2. Mit deren oberen Methode speichere ich ja das gesamte Objekt mit all seinen Referenzen ab. Gibt es eine Methode, die mir hilft nur das wegzuspeichern, was sich wirklich in der Objektstruktur verändert hat, anstatt alles komplett wegzuspeichern? Ich habe von sowas mal gelesen und es soll in "Java Algorythm" beschrieben werden.


----------



## fastjack (14. Jan 2011)

zu 1: Inwieweit es sinnvoll ist, zu einem Objekt mehrere Dateien zu schreiben, weis ich nicht.

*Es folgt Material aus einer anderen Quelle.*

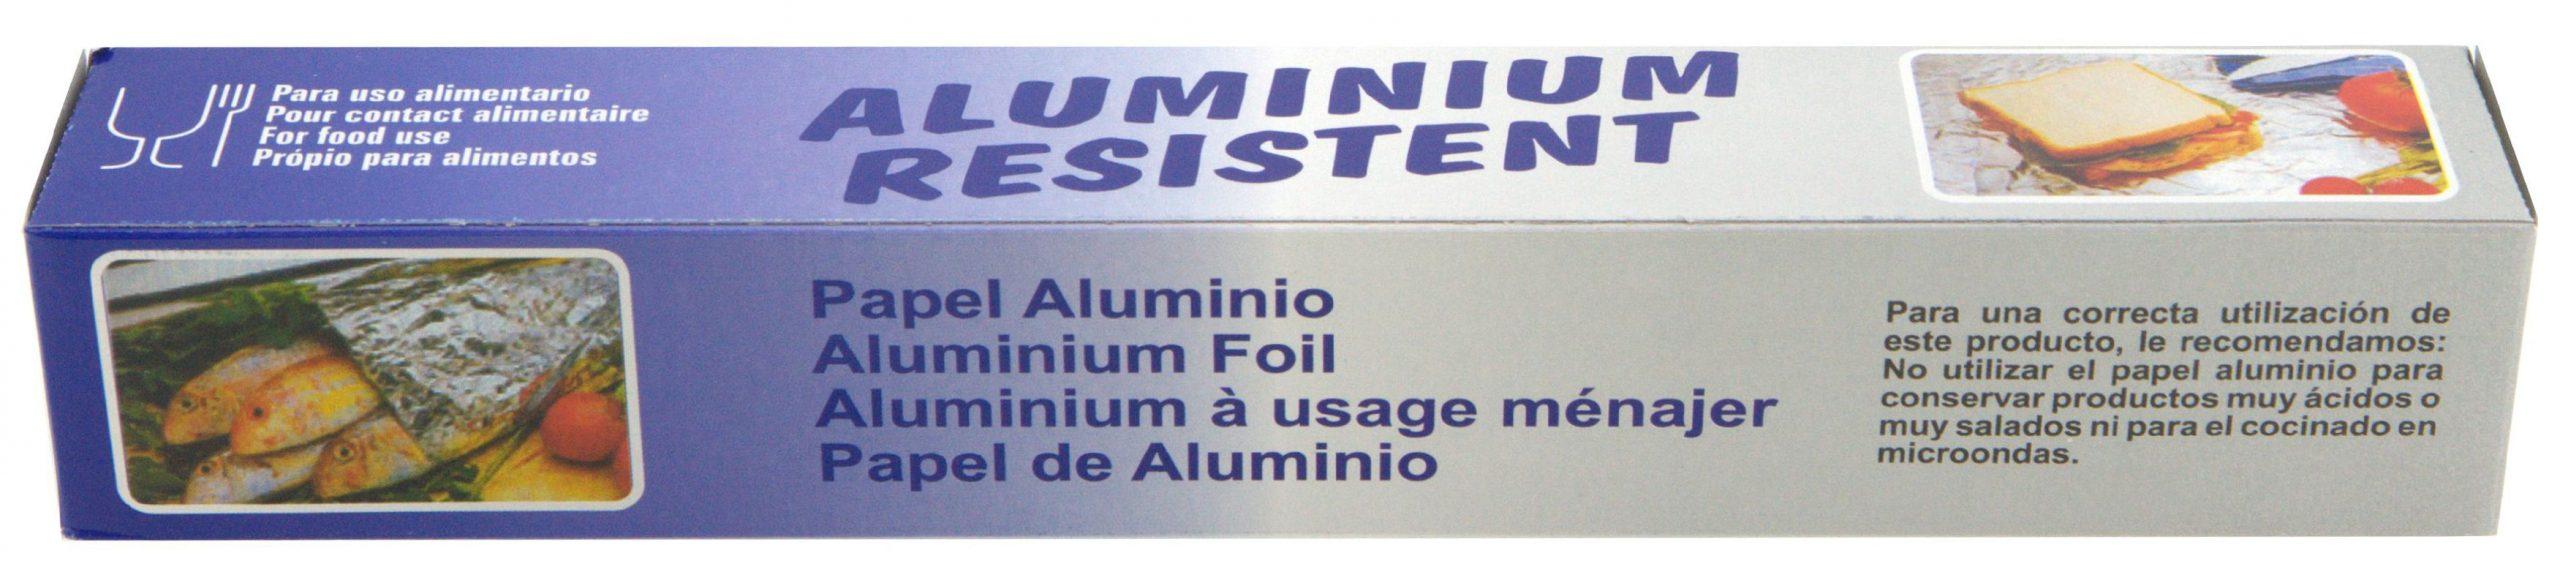 PAPEL ALUMINIO R-50

Du kannst aber die Methoden, die letztendlich die De/Serialisierung übernehmen überschreiben und Deine eigenen Serialisierungen vornehmen.

zu 2: Bei der Serialisierung wird ja der ganze Objektzustand gespeichert, um ihn dann in einem frischen System wieder komplett herstellen zu können. Wenn Du nur Änderungen der Zustände speichern willst, dann Änderungen zu was, zu Zustand 1, 2, 3 oder 15? Wenn Du nur "schlankere" Dateien erzeugen willst, dann geht es wie bei 1)


----------



## Rudolf (14. Jan 2011)

Was heißt hier Zustände? Ich will keine ganzen Zustände wegspeichern, sondern nur Änderungen wegspeichern, die wirklich gemacht worden sind. Wenn keine Datei existiert, soll die ganze Objektstruktur abgespeichert werden. Wenn eine Datei existiert und ein Zustand der Objektstruktur bereits weggespeichert wude, und eine Änderung in der Objektstruktur gemacht wurde, soll nur der Teil der Änderung in der Datei verändert bzw aktualisiert werden und der Rest nicht.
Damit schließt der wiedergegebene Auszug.